Token-level InfoRMIA, when aggregated (e.g., via averaging), achieves competitive or superior sequence-level MIA performance relative to both sequence-based InfoRMIA and reference-model approaches, according to all major benchmarks (AG News, ai4privacy, MIMIR). Critically, InfoRMIA delivers high TPR at very low FPR, which is the operational regime of greatest concern for privacy audits.
Moreover, token-level analysis exposes the limitations of AUC-based privacy quantification in LLMs: high aggregate AUCs may not reflect true leakage of private information, as memorization is not uniformly distributed and sequence-level scoring misidentifies privacy risk. The authors' HTML visualization interface and heatmapping tool offer actionable inspection for auditors—making it possible to localize leakage, assess the memorization of specific entities (especially PII), and devise more precise and surgical unlearning procedures.
The distribution of token-level InfoRMIA scores further supports focused audit strategies.
Figure 6: Distribution of token InfoRMIA scores on AG News shows near-normal distribution but strong right-tail for certain entities.

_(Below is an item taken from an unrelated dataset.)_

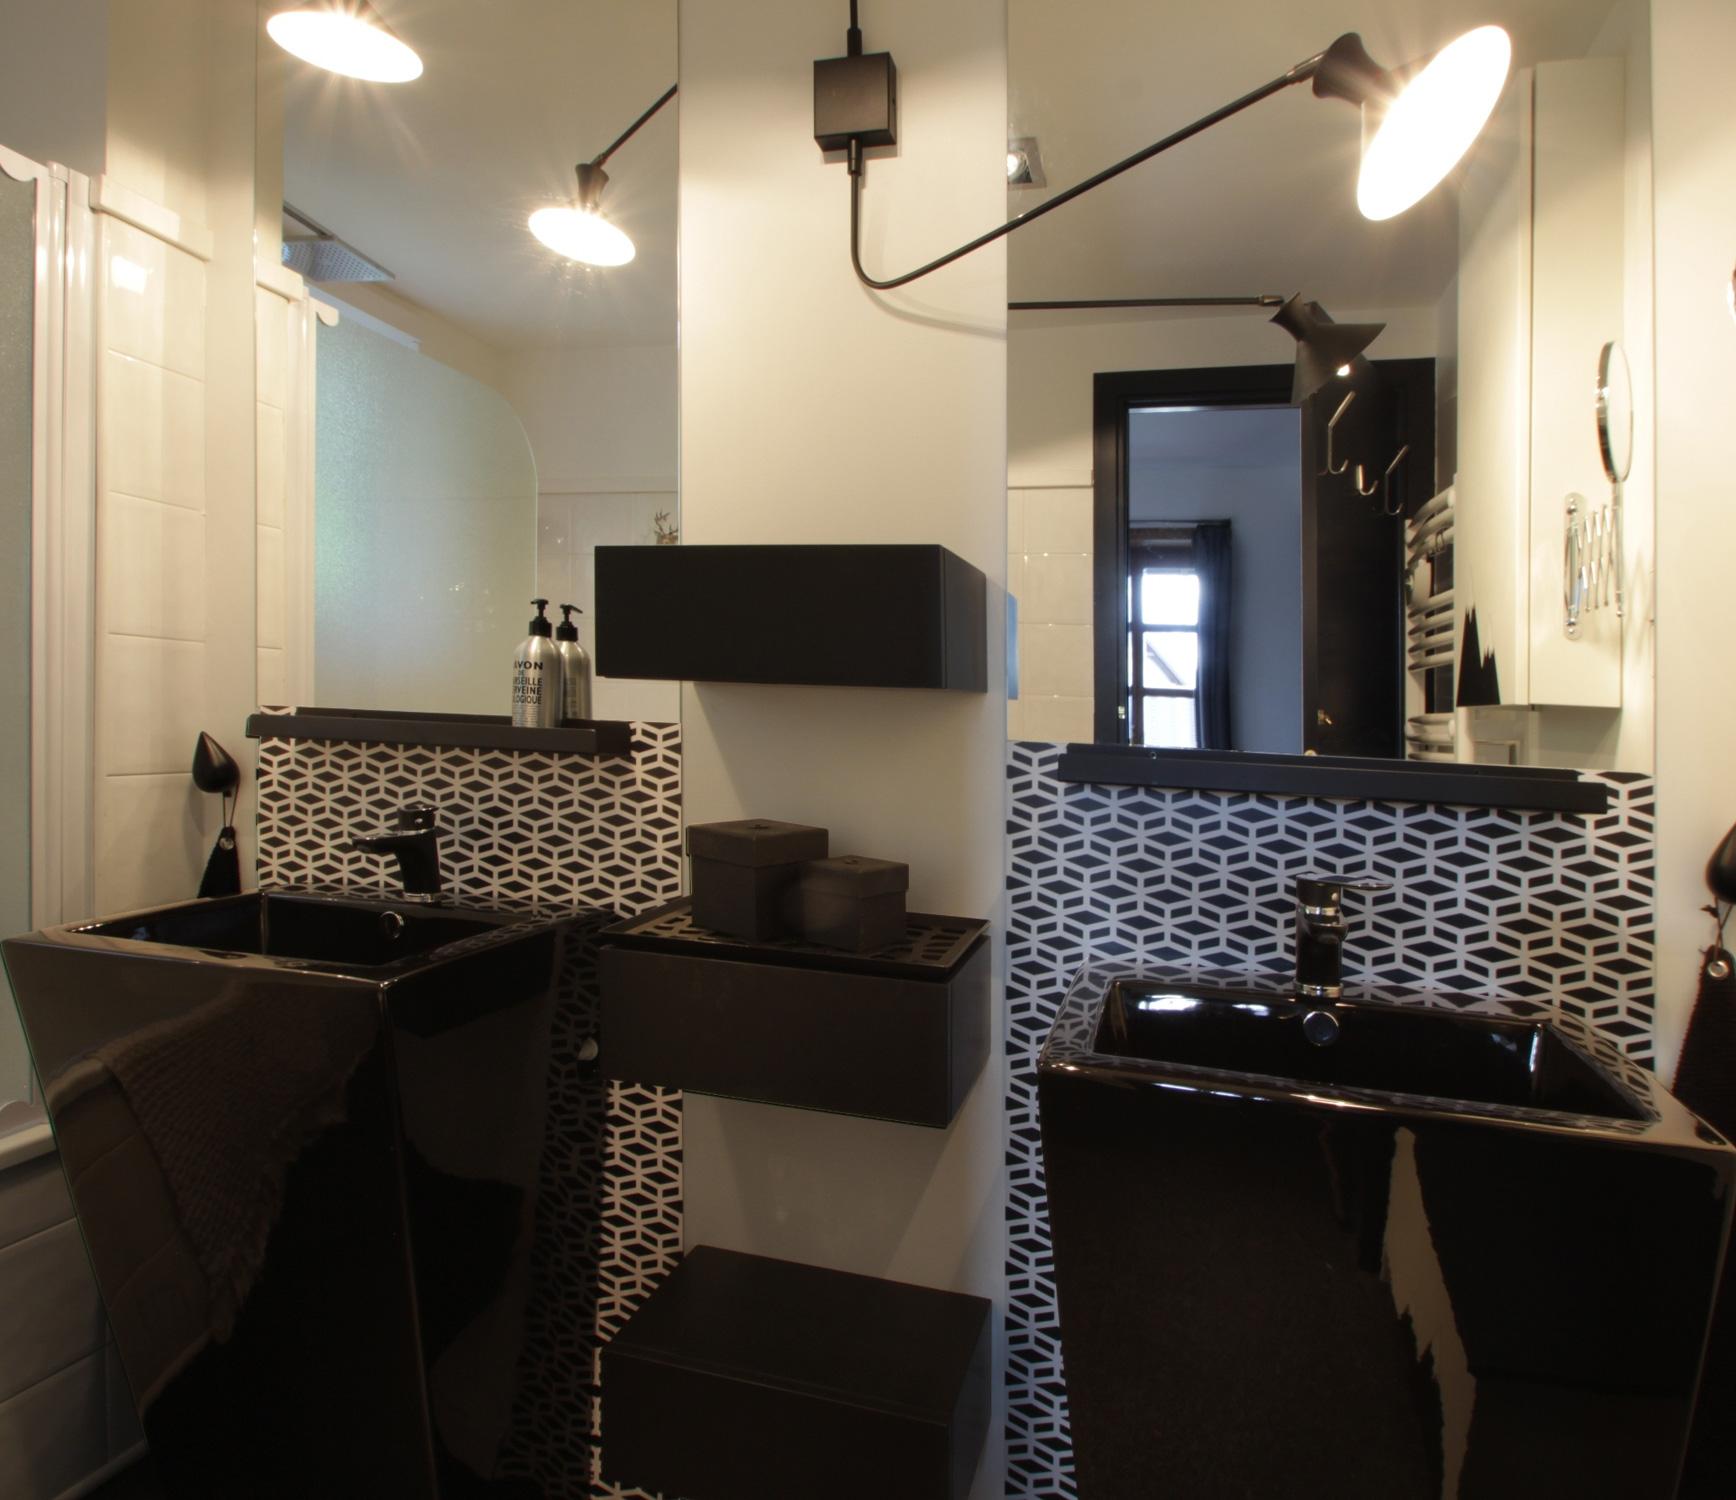 Sur mesure cr dence salle de bain malo design - Salle de bain pratique ...
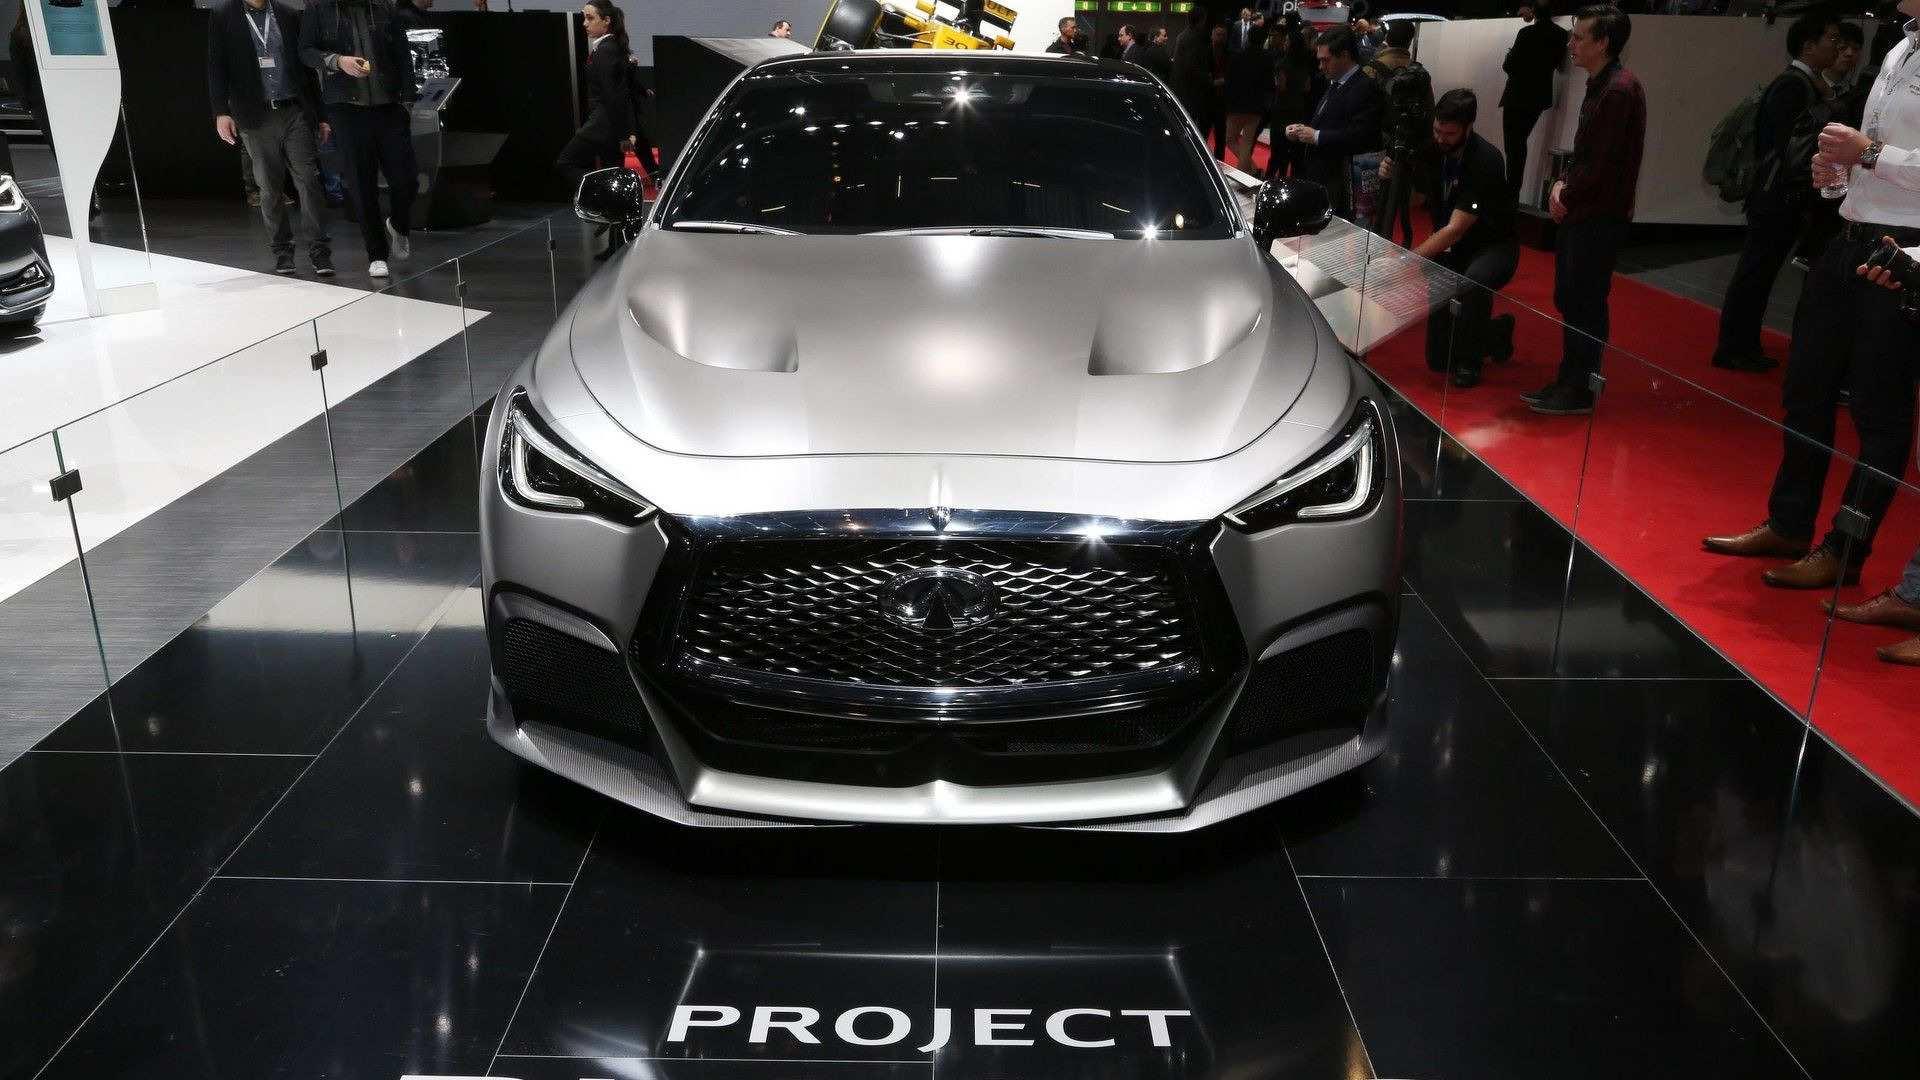 25 Great 2020 Infiniti Q60 Black S New Review by 2020 Infiniti Q60 Black S

Figure 7: Distribution of high scoring tokens by type in ai4privacy (log-scale), emphasizing the statistical sparsity of memorized sensitive tokens.
Implications and Future Directions
This work redefines the granularity at which privacy risk should be assessed and mitigated in LLMs. The information-theoretic framework of InfoRMIA provides a statistically sound and computationally efficient attack paradigm, suitable for both academic evaluation and real-world audits. The token-level perspective greatly enhances interpretability and the scientific understanding of memorization phenomena in deep autoregressive transformers.
Practically, the approach enables targeted interventions—e.g., selective unlearning or content filtering—potentially retaining non-sensitive knowledge while guaranteeing erasure of specific memorized elements. Theoretical implications are substantial: privacy risk assessments should shift toward token-level or span-level statistics, especially for domains (legal, medical, financial) where sensitive entities are local and limited.
Future work can extend in several technical directions:
- Further optimization of aggregation strategies for membership signals to match downstream privacy definitions,
- Extension to subword or span analysis for contextual memorization,
- Integration with automated detection of infrequent/entity tokens,
- Exploration of adversarial or certified unlearning guided by token-level memorization maps.
Conclusion
(Token-Level) InfoRMIA advances the state of the art in membership inference attacks for LLMs, both in terms of statistical rigor and practical interpretability (2510.05582). By grounding its methodology in information theory and shifting analytical granularity to the token level, it achieves stronger, more efficient, and operationally relevant privacy leakage assessment. The token-level perspective reveals the limitations of previous sequence-level approaches and equips both researchers and practitioners with direct tools for precise privacy auditing and mitigation in the LLM era.